Один из таких агентов сделал извет на Михея Клочьева, что он не только находится в постоянных сношениях с заграничными старообрядцами, но даже восхитил какой-то сан; что недавно к нему приехал некто с австрийской границы и в настоящее время должен быть уже в Срывном; этот некто оказывался лицом, до которого давно добирались. Отсюда великая тревога, выразившаяся в обильном количестве предписаний с надписью: секретно и весьма нужное; но так как за всем тем дело шло обычным формальным своим порядком, то и последним его исполнителем естественно явился городничий, Никанор Семеныч Лупогоров. Никанор Семеныч, прочитав предписание, долго соображал, что из этого может произойти, если и т. д.; но слова бумаги были так ясны и настоятельны, что никакого другого исхода не оставалось, кроме совершенно точного и буквального исполнения. Призван был стряпчий Василий Никифорыч Веприков, во-первых, как естественный советчик, и во-вторых, как соисполнитель в предстоящем бюрократическом таинстве. Веприков дал такой совет: действовать по силе возможности, как существо веществ указывать будет; потом выпил, закусил, отправился домой и по дороге пригласил Веригина.
Это было накануне Николина дня, когда православные, а между прочим и раскольники, имеют обыкновение проводить вечер в различных молитвенных занятиях. Стало быть, обстоятельства в высшей степени благоприятствовали предположенному походу. Городничий нисколько не сомневался, что успеет захватить что-нибудь вроде всенощной и накроет преступников со всеми онерами; в этой сладкой уверенности он заранее составлял в уме своем содержание будущего рапорта и беспокоился только тем, следует ли почтительнейше испрашивать разрешения, каким образом поступить в дальнейшем, или, и не испрашивая разрешения, взять да и поступить по своему усмотрению. В одиннадцать часов вечера, когда город уже спал, городничий, сопровождаемый стряпчим, ратманом, полицейскими и понятыми, открыл кампанию.

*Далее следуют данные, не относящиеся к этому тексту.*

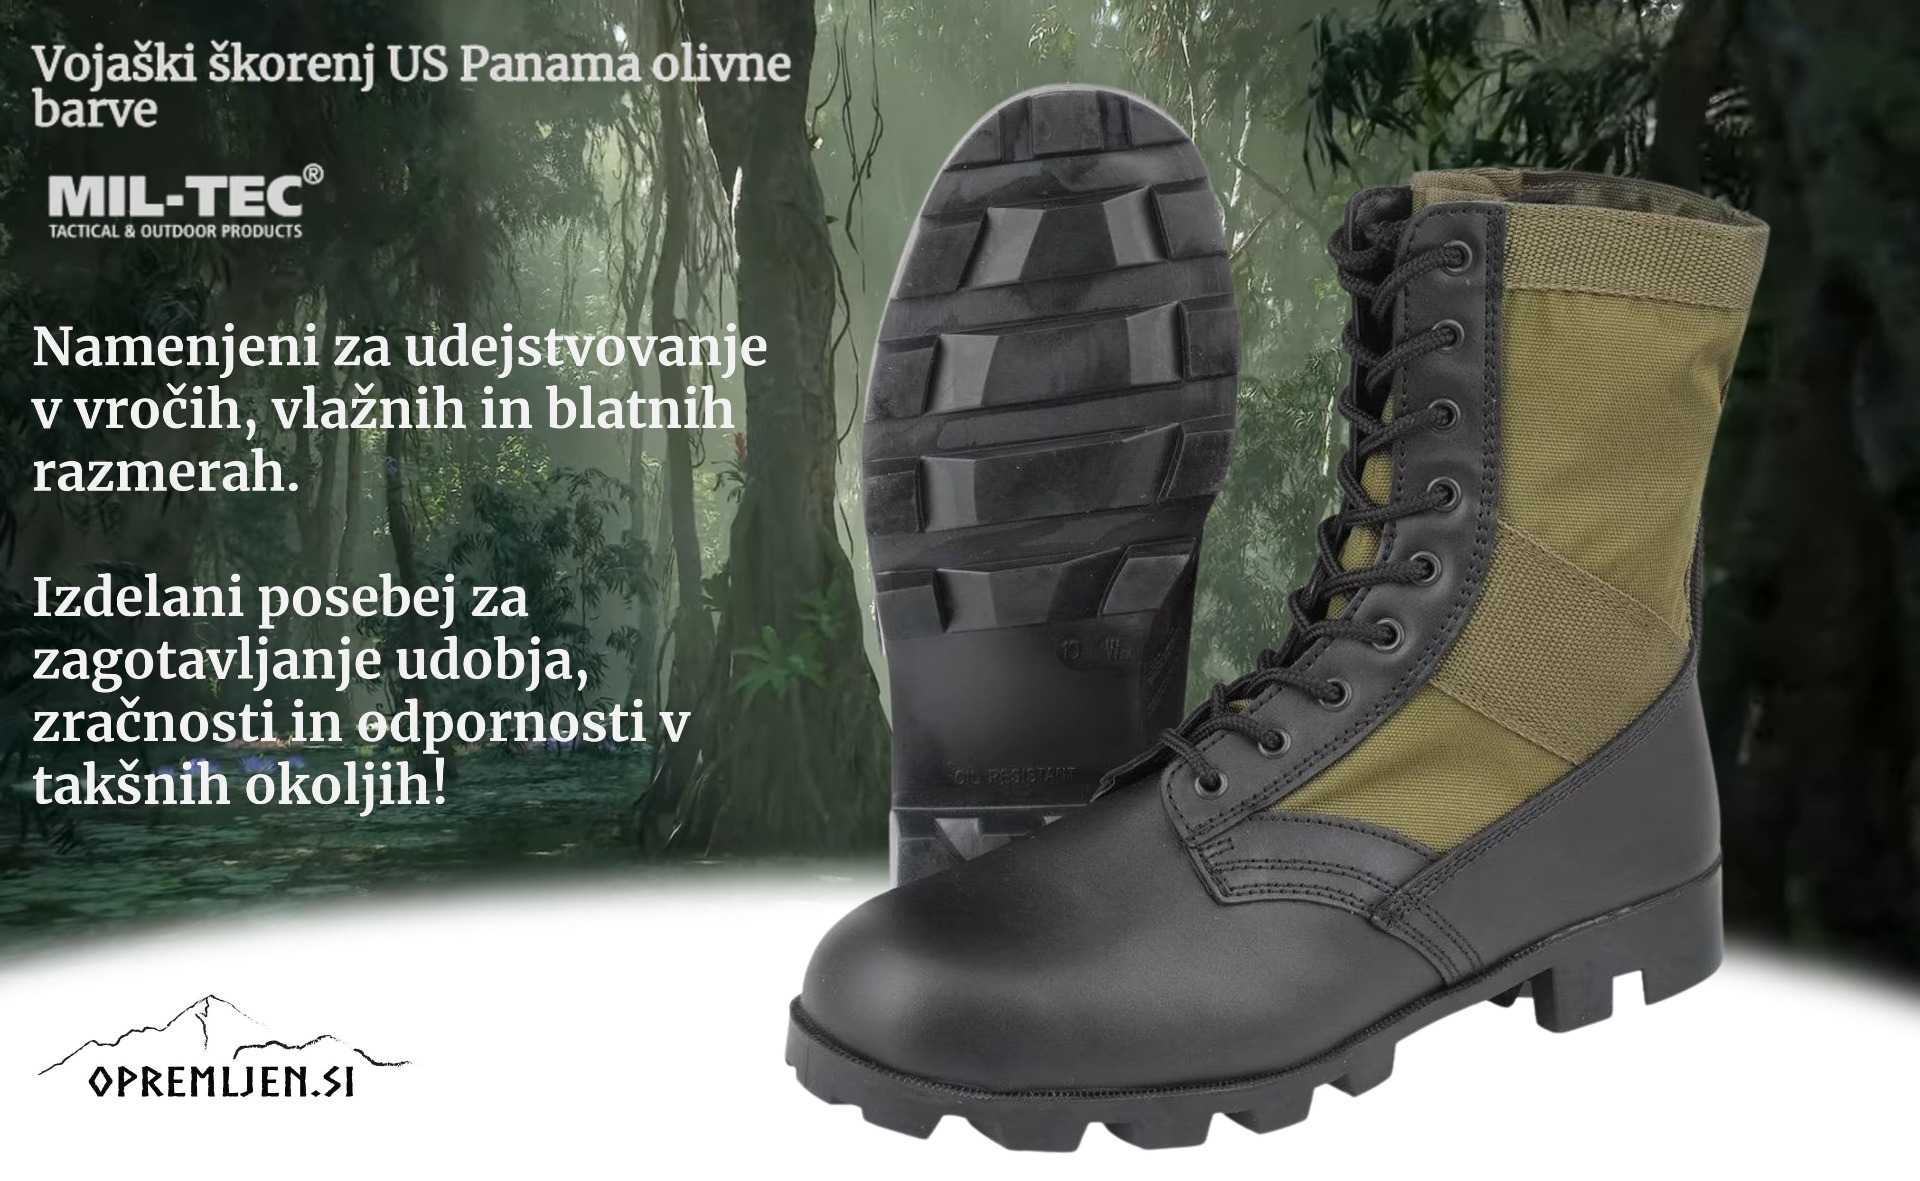 Udoben in trpežen vojaški škorenj Panama v olivni barvi - idealen za terenske aktivnosti. Najboljša vojaška obutev za prodajo in izobraževanje. Nakup zdaj!

В доме Клочьевых царствовала совершенная темнота; только из одного окна тускло мерцал свет лампадки, теплившейся перед образом.
– Это они на задворках где-нибудь шабаш свой справляют! – остроумно заметил стряпчий.
Но скоро обысчикам пришлось разубедиться в этом предположении, потому что, при первом стуке в ворота, по всему дому сейчас же забегали огни, что положительно означало, что хозяева дома. Поспешность, с которою поднялась в доме тревога, заставила даже задуматься городничего.
– Ждали! – сказал он, мрачно покручивая усы.
– Ау, брат! – отозвался на это замечание стряпчий.
– Никого из дома не выпускать! хозяина сюда! трое полицейских и трое понятых за мной! Господин ратман! прошу следовать! – скомандовал городничий, как только отворились ворота, и, не заходя в дом, стремительно бросился, мимо надворных строений, прямо на задворки.
– Молодец наш Никанор Семеныч! однако нынче вряд ли не придется нам, вместо рыбки, большого таракана съесть! – позевывая, заметил стряпчий, оставшись на дворе с Веригиным, – пойдемте-ка лучше в дом; там, по крайности, Анна Прохоровна рюмочку подаст!
На лестнице встретился им старик Клочьев. Лицо его было бледно и глядело сурово; волоса были в беспорядке, как у человека, который сейчас только проснулся.
– Я думал, пожар, – сказал он, увидев стряпчего, – ан это вон кто! гости дорогие да незваные! да доколе же вы нас на куски-то рвать будете, татары вы проклятые! И ты, сударь, с ними? – продолжал он, обращаясь к Веригину, – что ж, посмотри, сударь, посмотри! полюбуйся на антихристово воинство!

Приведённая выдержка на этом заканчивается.